HSBC Holdings Plc (HSBA), Royal Bank of Scotland Group Plc (RBS) and Lloyds Banking Group Plc (LLOY) will pay partial settlements to small businesses over losses on improperly-sold interest-rate swaps to speed up the compensation process.
The three banks will pay back the purchase price of the products to customers first and later consider added losses they may have suffered, the Financial Conduct Authority said in a statement today. Barclays Plc (BARC) hasn’t signed up to the agreement to split compensation payments.
The regulator ordered the four largest U.K. banks earlier this year to compensate clients after it found “serious failings” in reviews of product sales. The banks have paid back 15.3 million pounds ($24.6 million) as of the end of last month, the FCA said.
“Progress to this point has been slower than expected, but the latest figures show a significant pick-up from earlier publications,” the regulator said in the statement. The deal with HSBC, RBS and Lloyds will “simplify and speed up the process.”
British banks may end up paying billions of pounds for improper sales of swaps, according to analysts.
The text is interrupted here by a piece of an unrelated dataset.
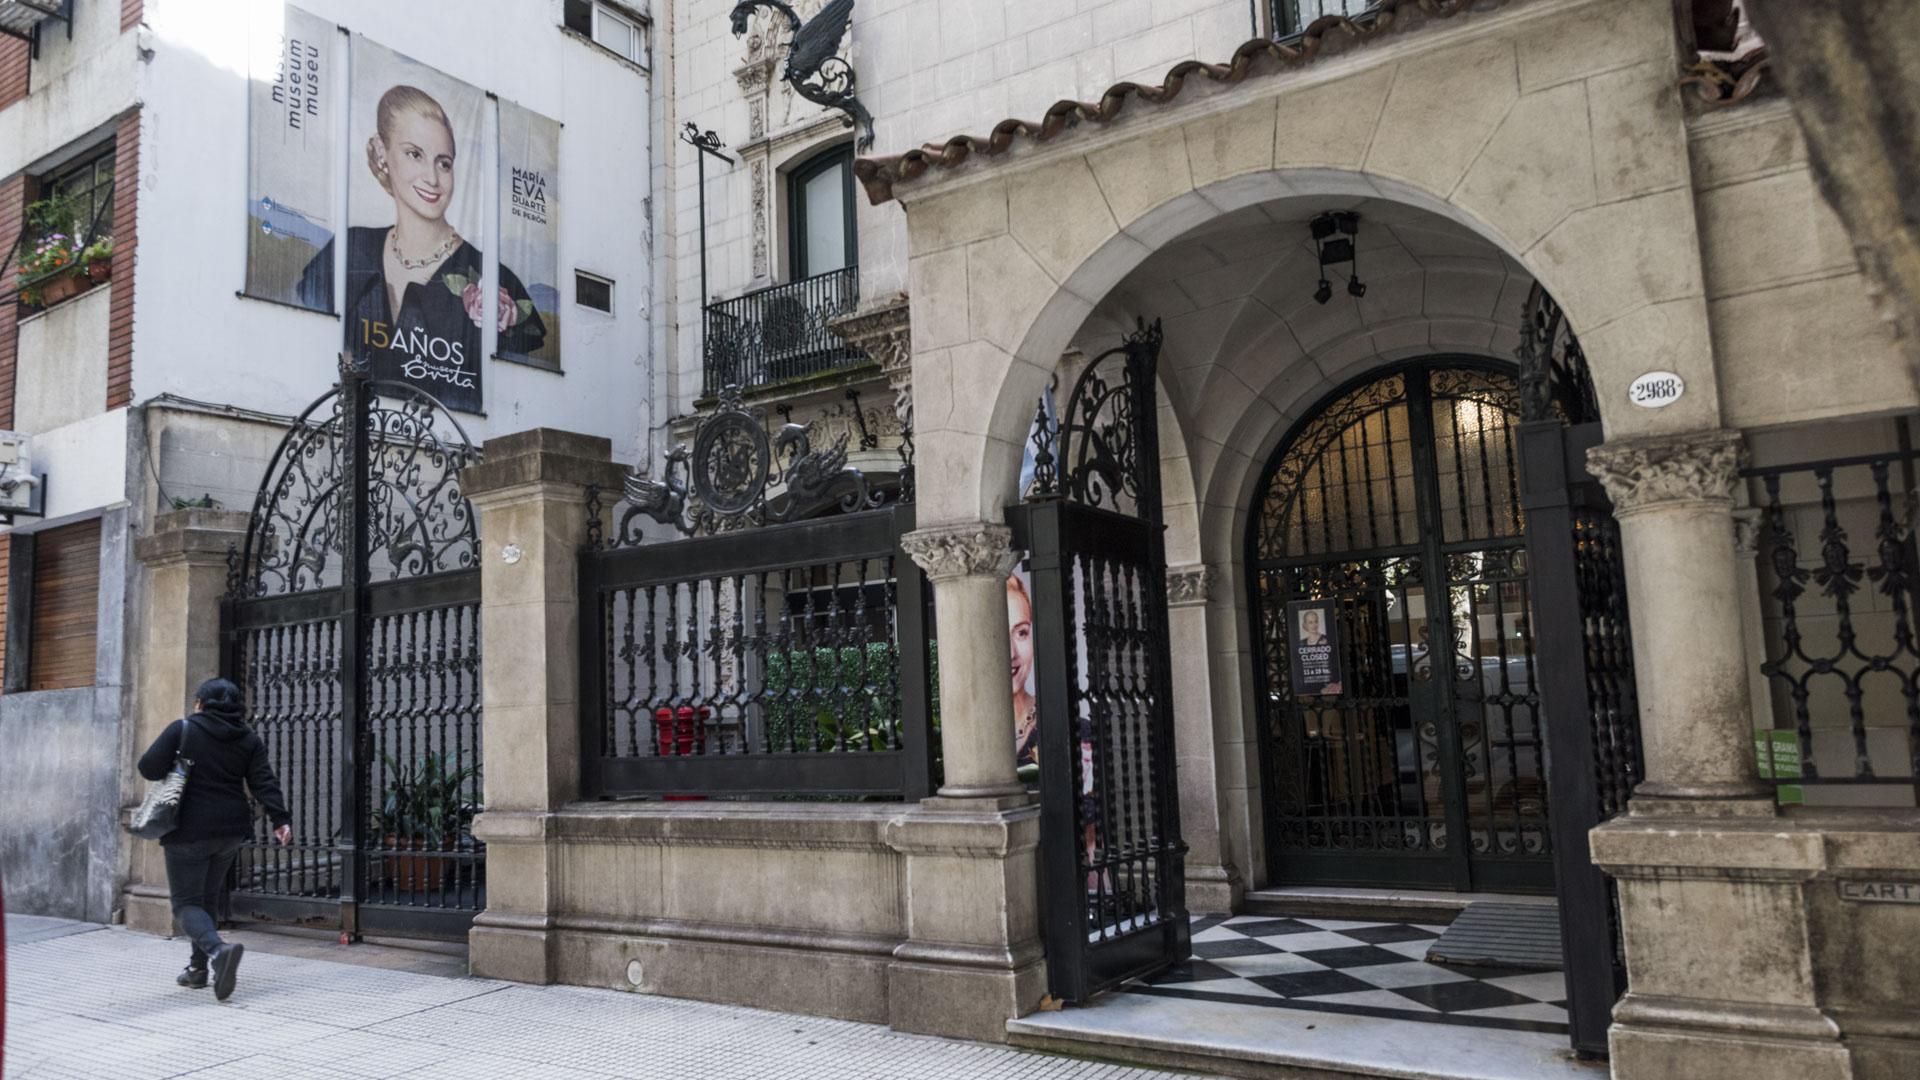 """El Museo Evita fue inaugurado el 26 de julio de 2002. Posteriormente, en el 2007 fue declarado """"Monumento Histórico Nacional"""""""

It’s one of at least three scandals over improperly sold products facing U.K. lenders, who have also had to pay out billions over payment-protection and identity-theft insurance products.
“It is in Barclays’s interests as well as our customers to complete the review as soon as possible,” Barclays said in an e-mailed statement. “Where we have made mistakes, we will put them right.”
Lloyds is planning to double the number of redress claims it has resolved in November, the bank said in an e-mailed statement, while RBS said it is “prioritizing those businesses that are most in distress first.”
“Our recent decision to introduce ‘split payments’ is speeding up the process,” HSBC said in an e-mailed statement. It “means customers get redress that is due to them at the earliest opportunity, potentially months earlier than under the process for a single payment.”